Data excerpts:
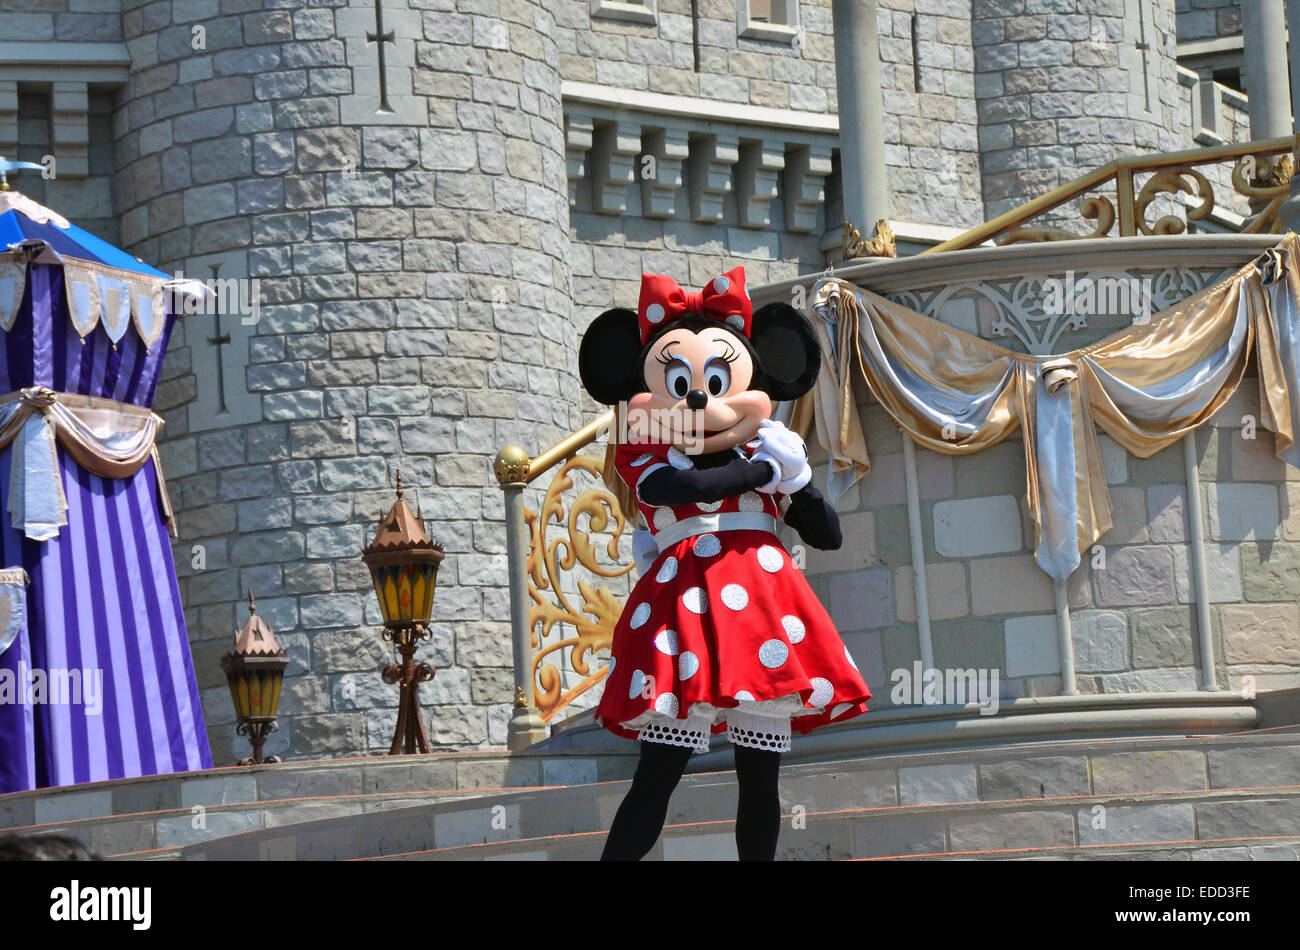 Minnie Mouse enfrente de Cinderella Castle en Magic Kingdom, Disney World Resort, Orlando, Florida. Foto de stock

* * *

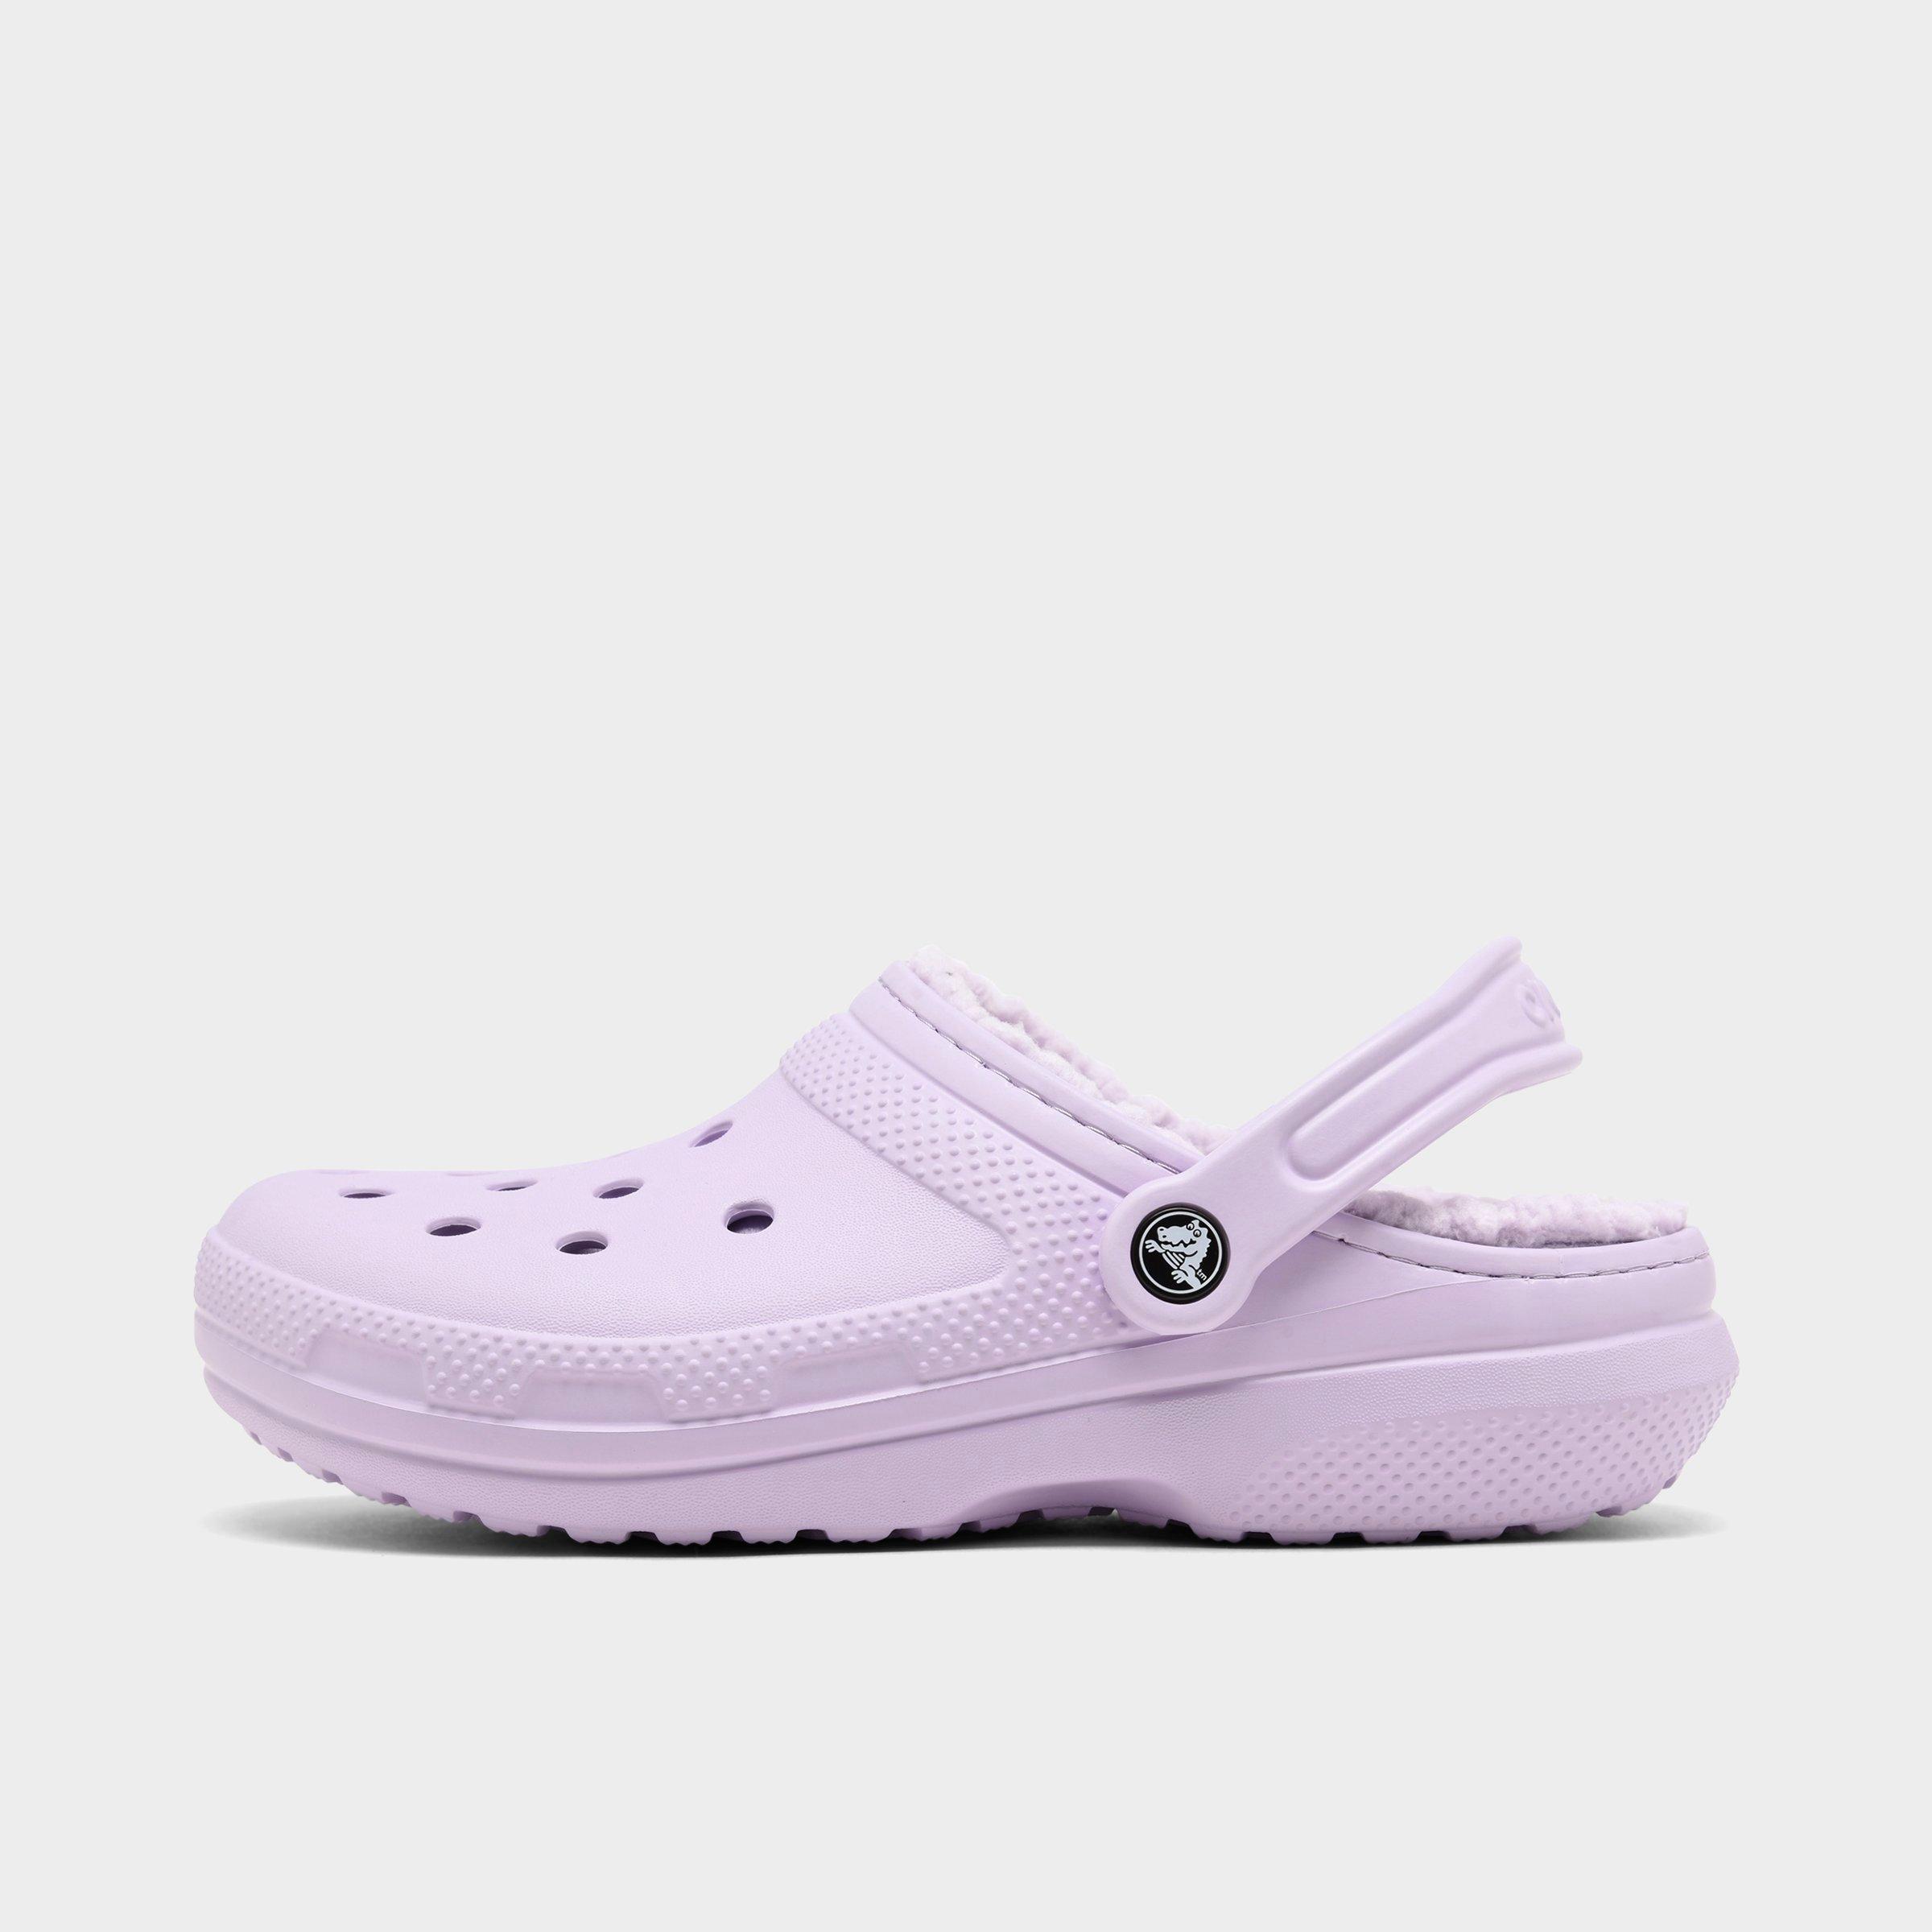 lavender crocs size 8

* * *

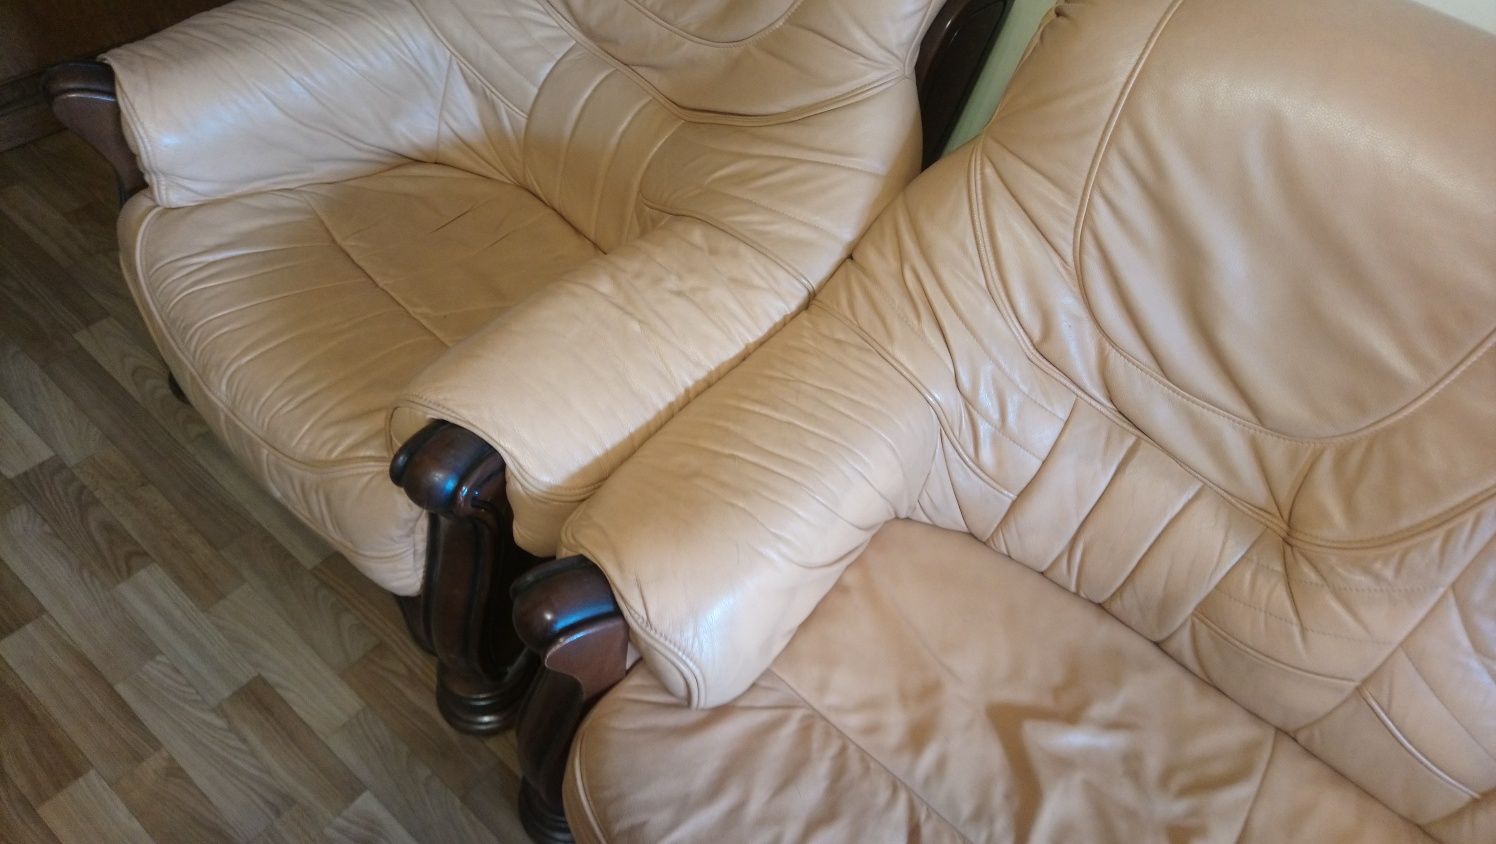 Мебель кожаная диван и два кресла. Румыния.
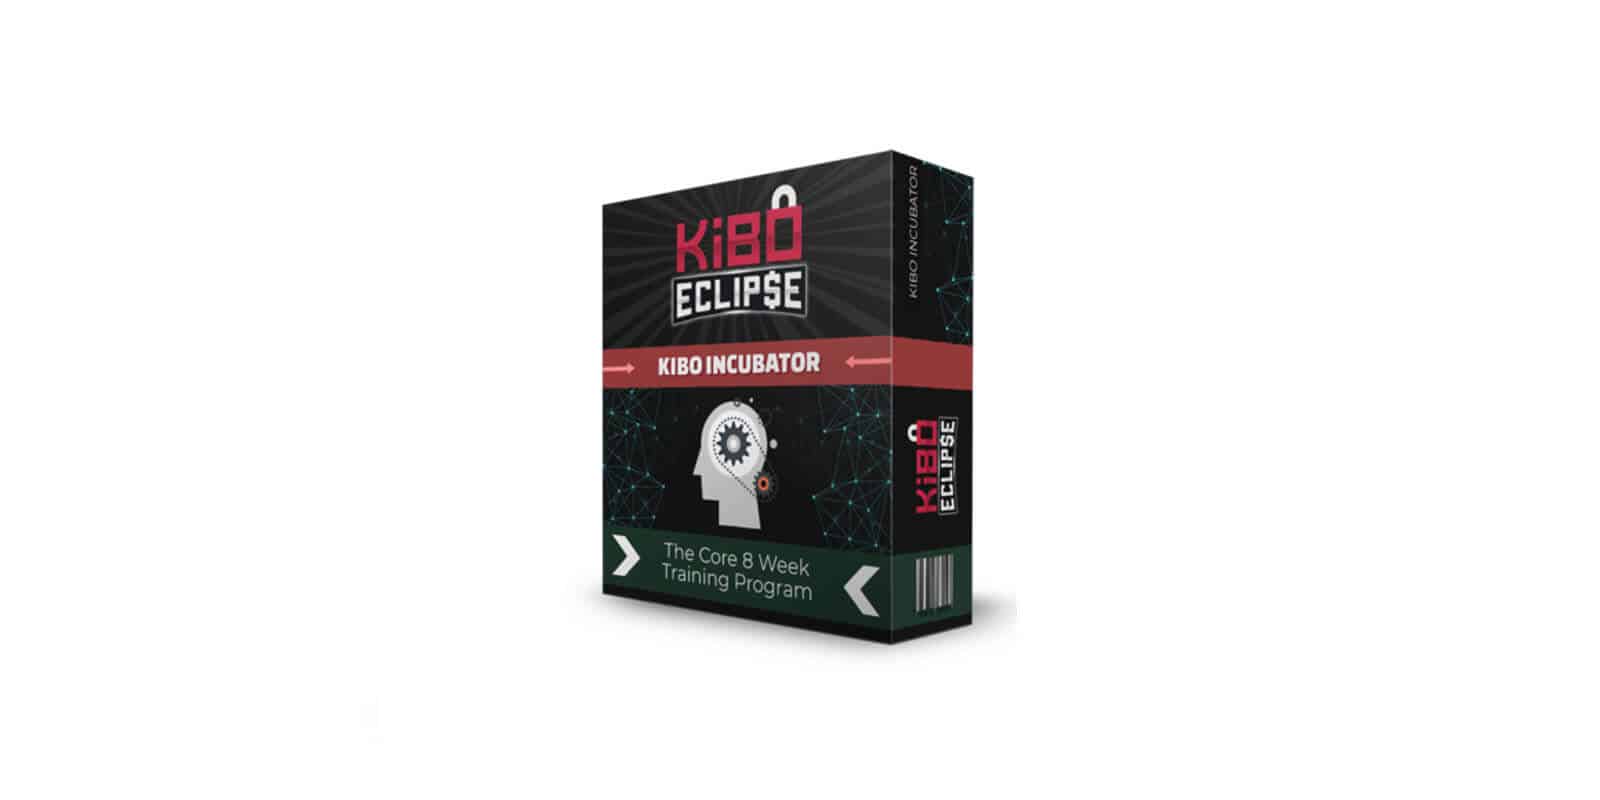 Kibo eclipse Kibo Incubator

Problem requirements:
Print everything from the line with "Мебель кожаная диван и два кресла. Румыния." down to the line with "Kibo eclipse Kibo Incubator" in the entries above, both lines included and nothing more, without the pictures.

Written solution:
 Мебель кожаная диван и два кресла. Румыния.
 Kibo eclipse Kibo Incubator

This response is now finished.